- Task instructions
Give the data below again exactly as written, without its pictures.

- Information provided
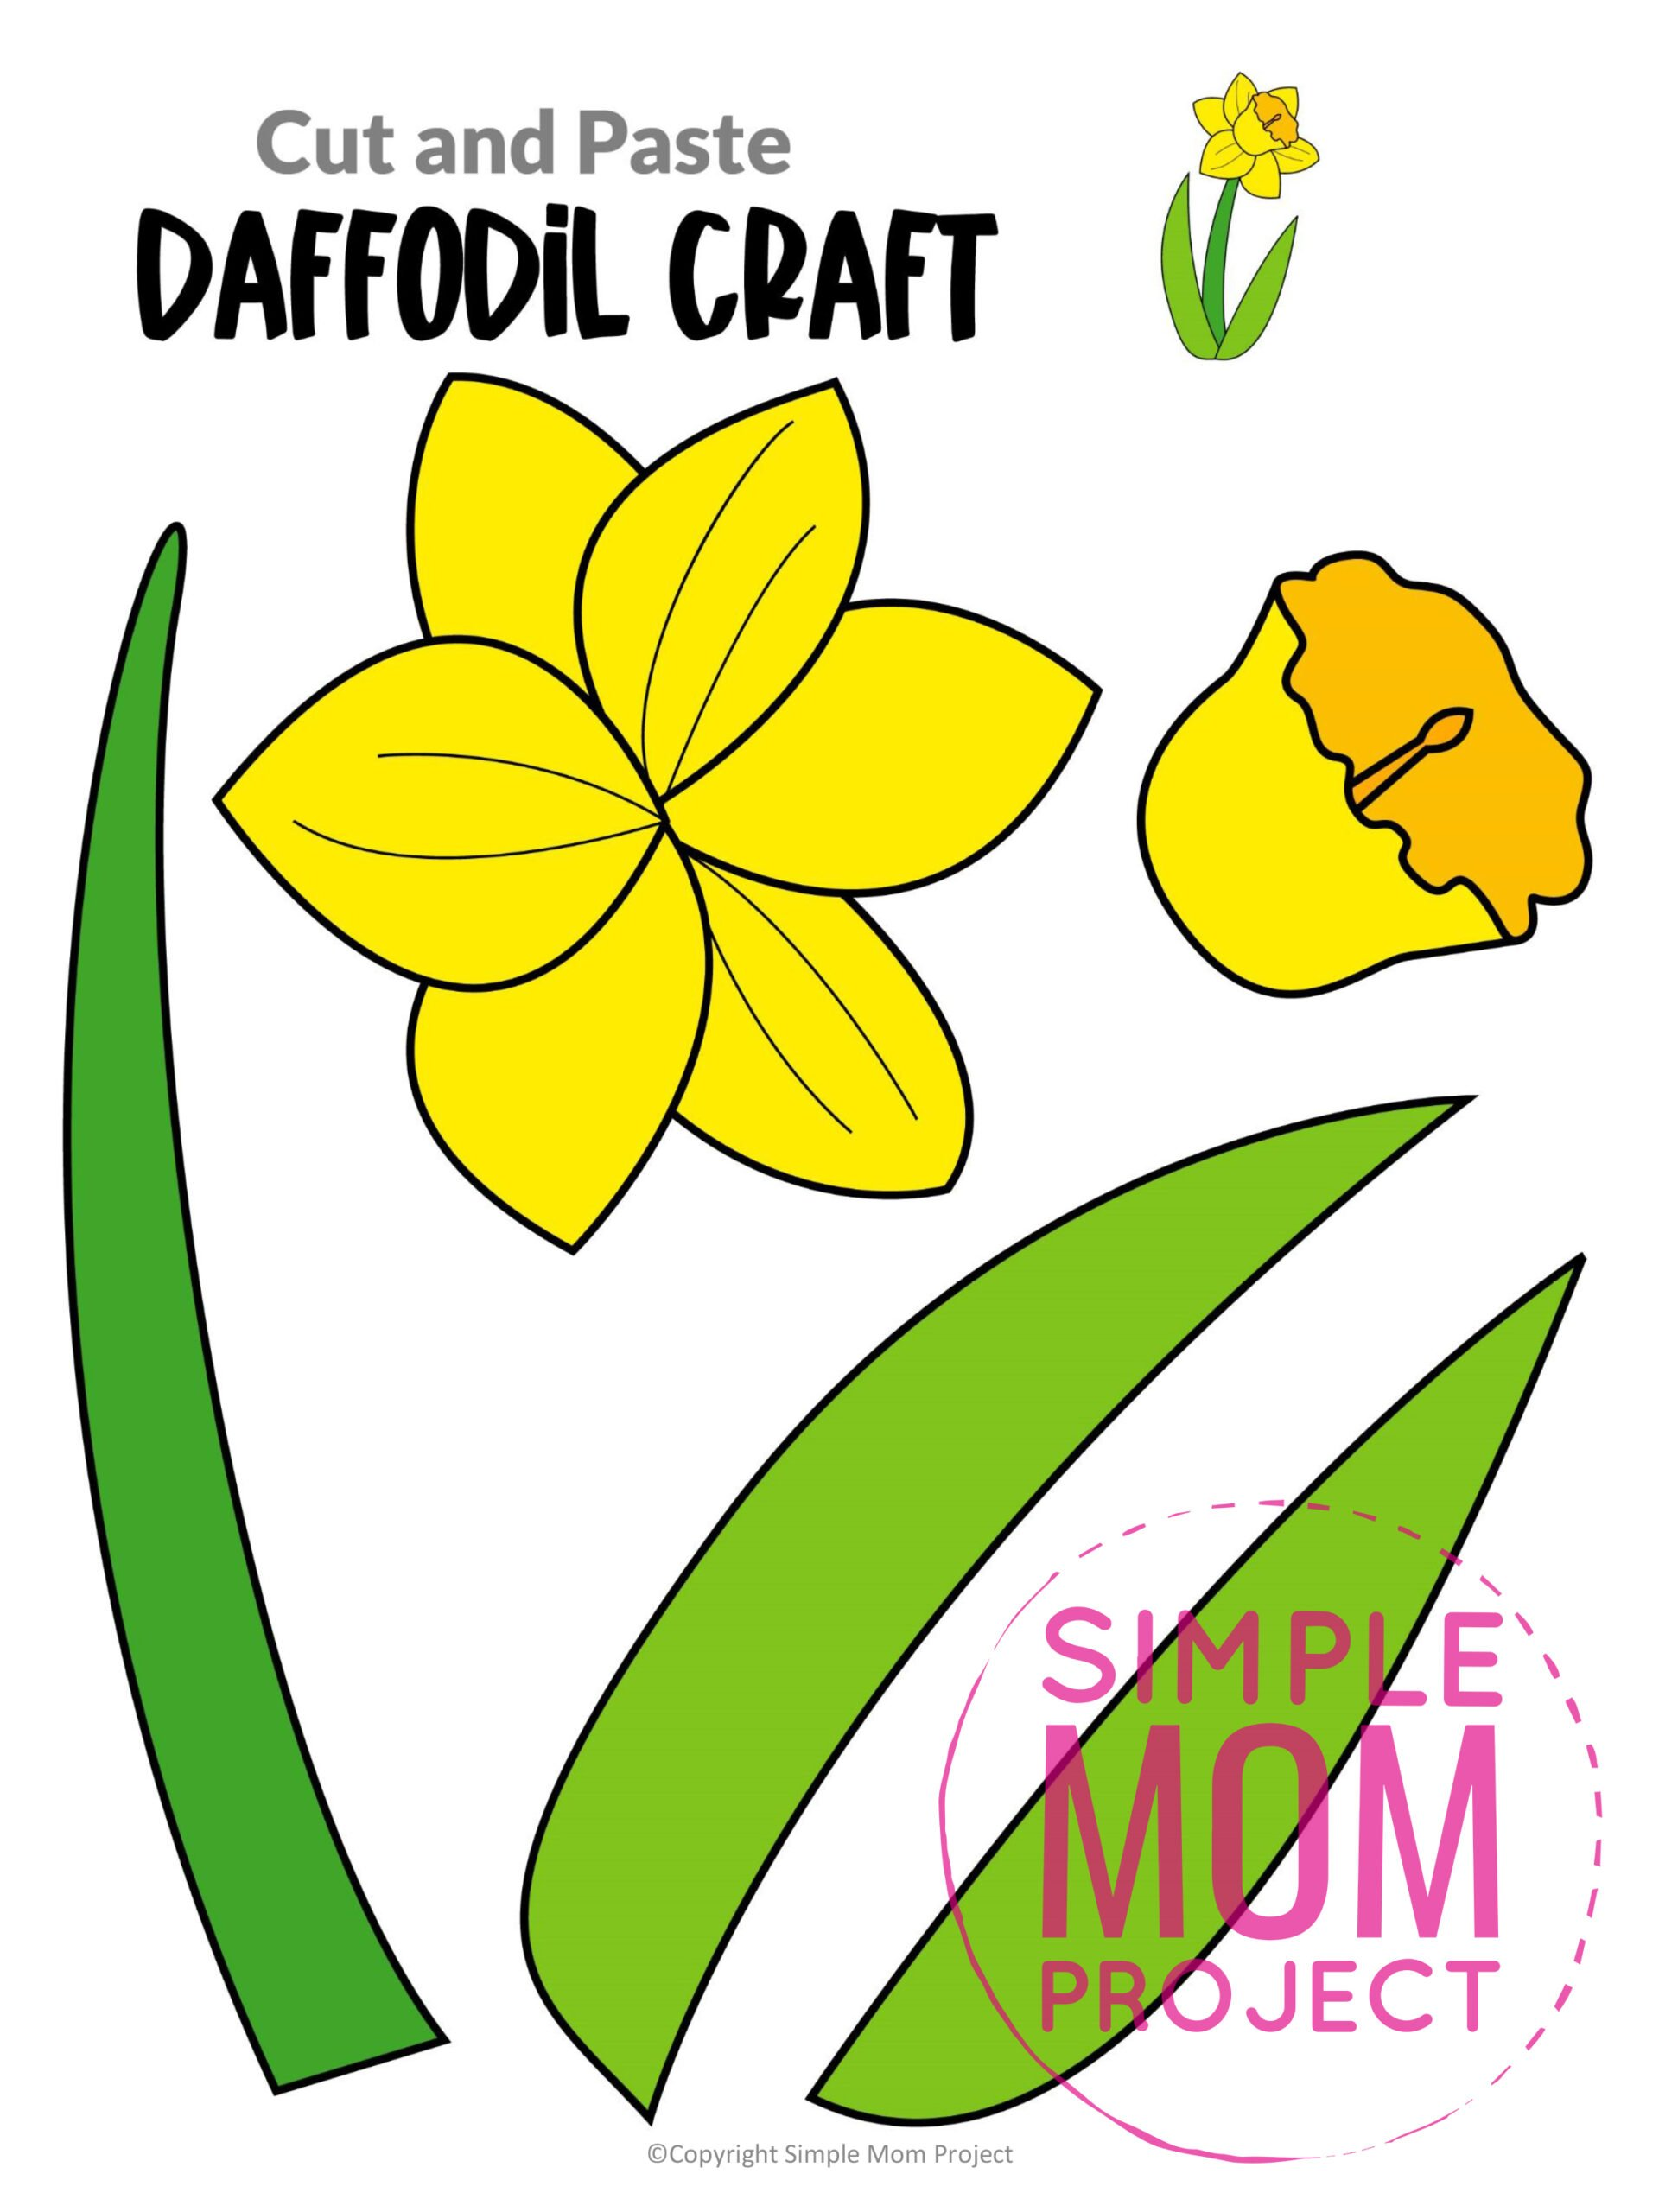 Printable Daffodil Flower Craft template for kids, Daffodil craft for toddlers and Daffodil craft for kindergartners
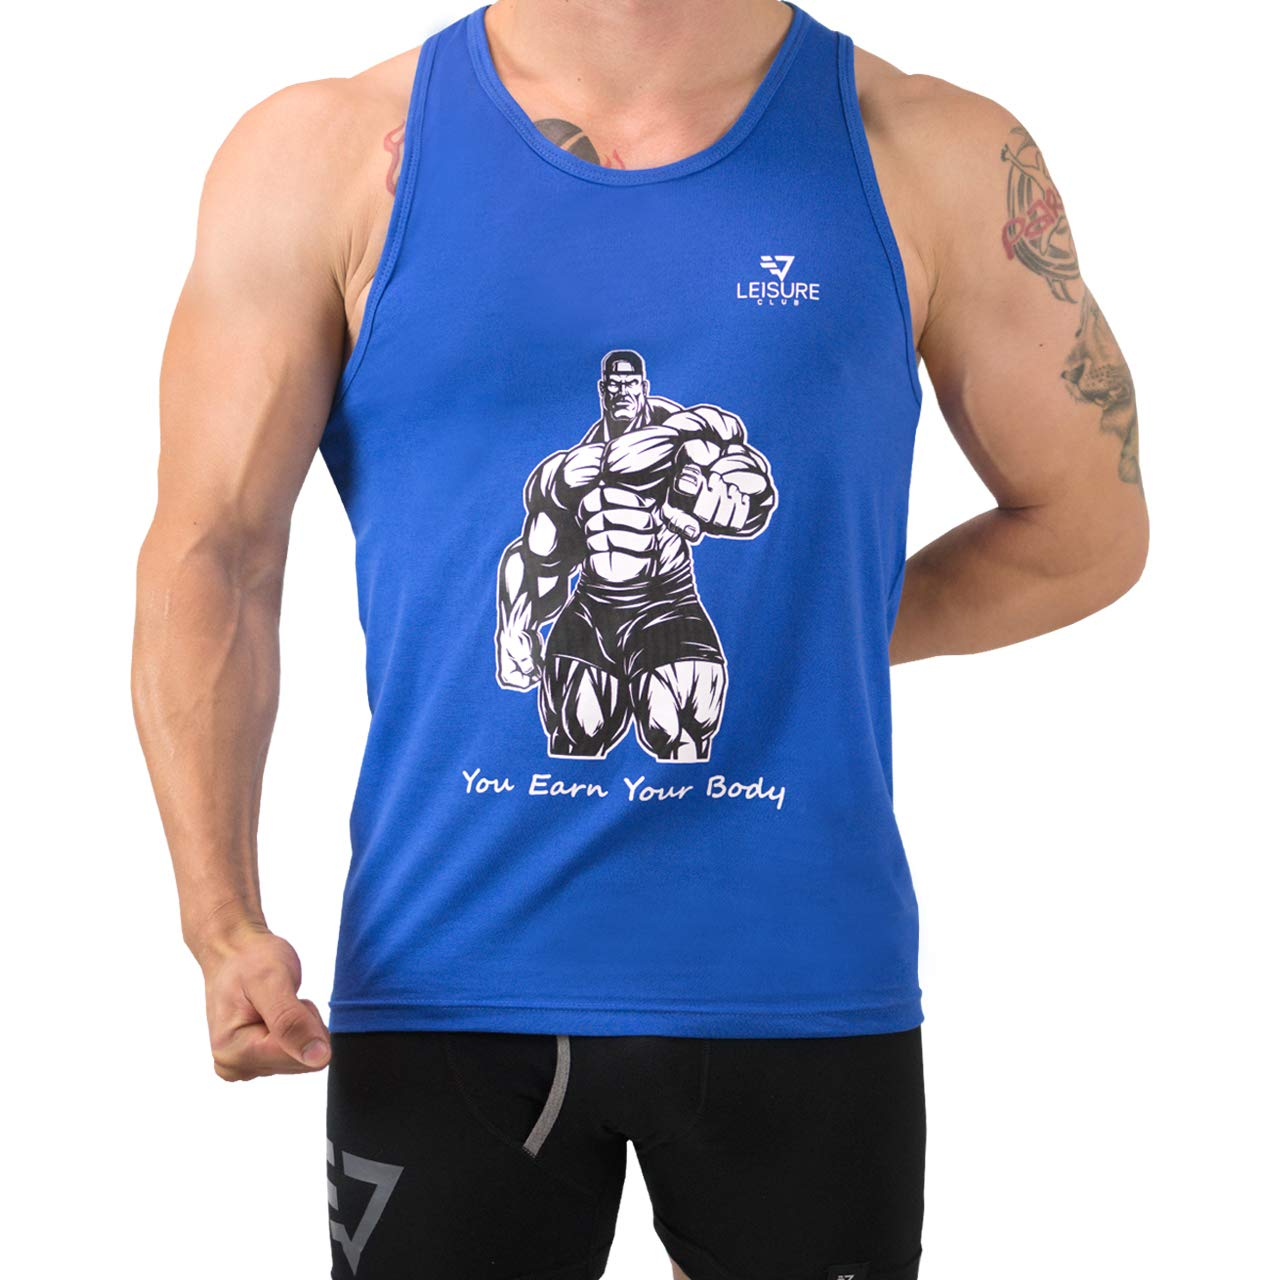 LEISURE CLUB Mens Athletic Vests Training Bodybuilding Gym Vests Motivational Sports Vest
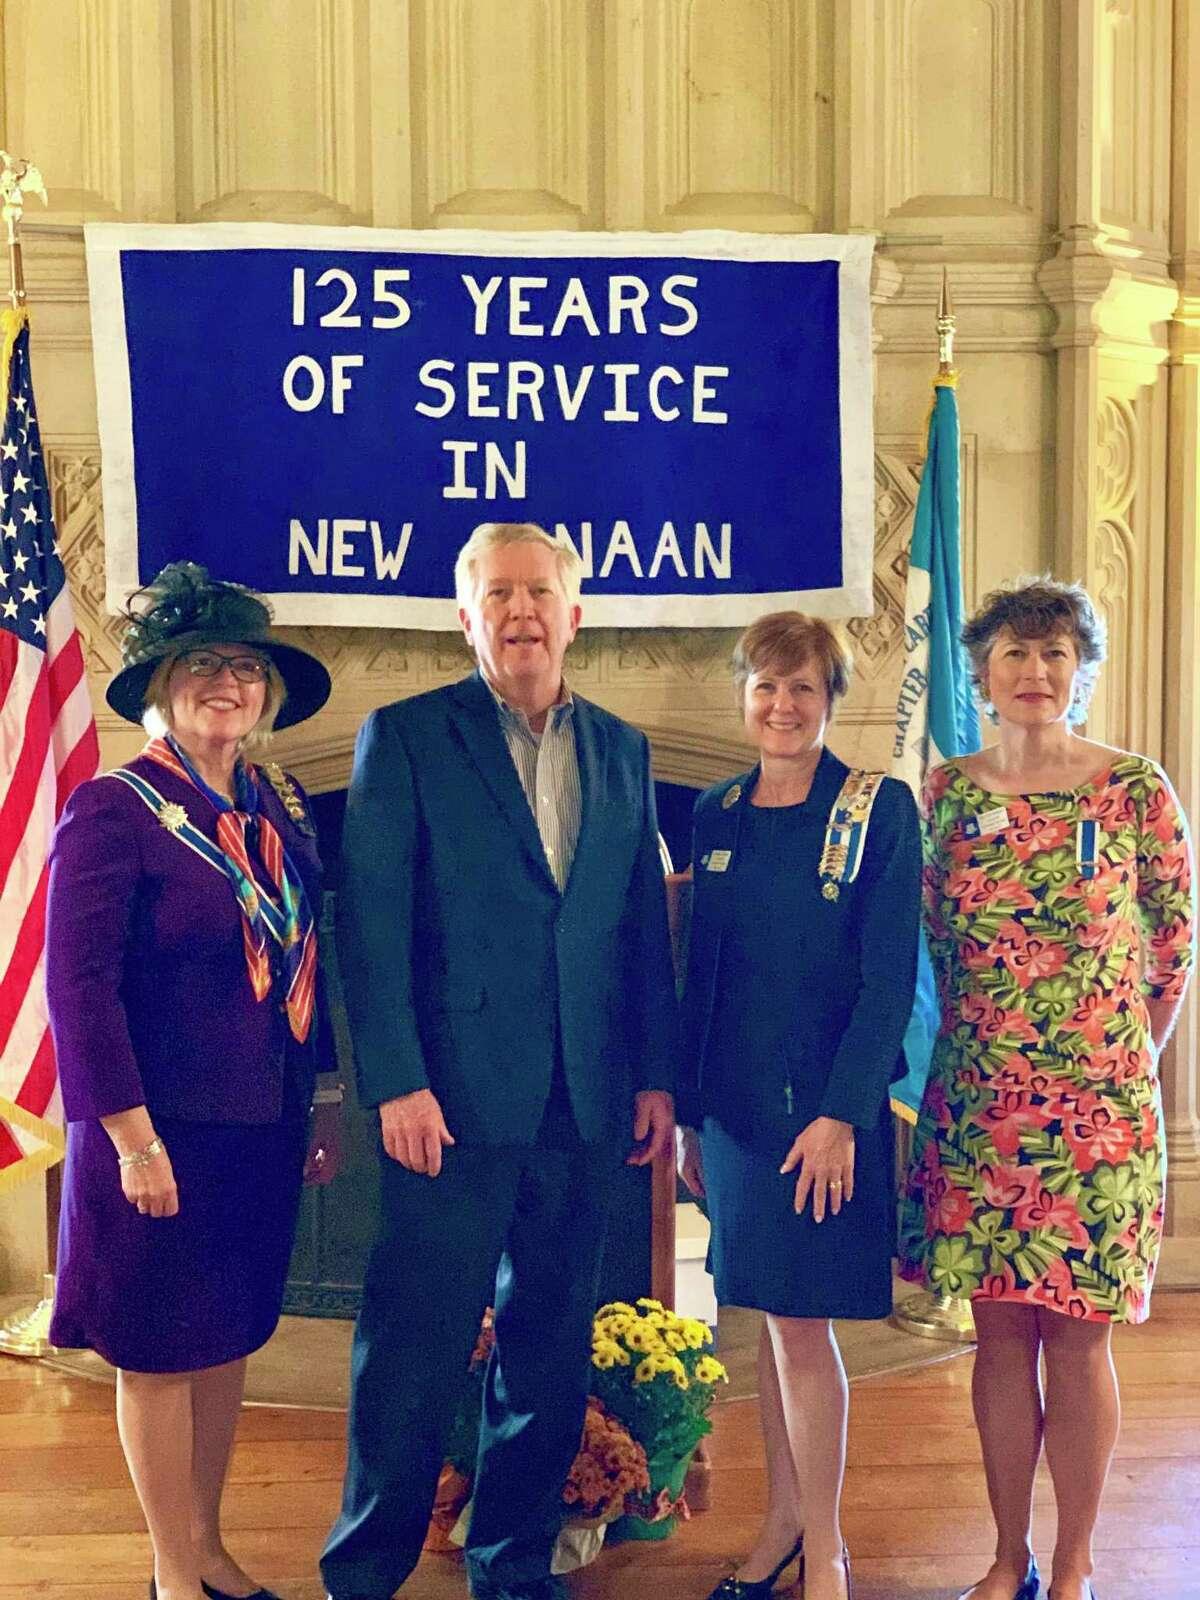 Connecticut State Regent, Christy Anderson Hendrie; New Canaan First Selectman, Kevin Moynihan; Hannah Benedict Carter Chapter Regent, Kathleen Hill Tesluk and Chapter Vice Regent, Rose-Scott Rothbart.

- Solution
 Printable Daffodil Flower Craft template for kids, Daffodil craft for toddlers and Daffodil craft for kindergartners
 LEISURE CLUB Mens Athletic Vests Training Bodybuilding Gym Vests Motivational Sports Vest
 Connecticut State Regent, Christy Anderson Hendrie; New Canaan First Selectman, Kevin Moynihan; Hannah Benedict Carter Chapter Regent, Kathleen Hill Tesluk and Chapter Vice Regent, Rose-Scott Rothbart.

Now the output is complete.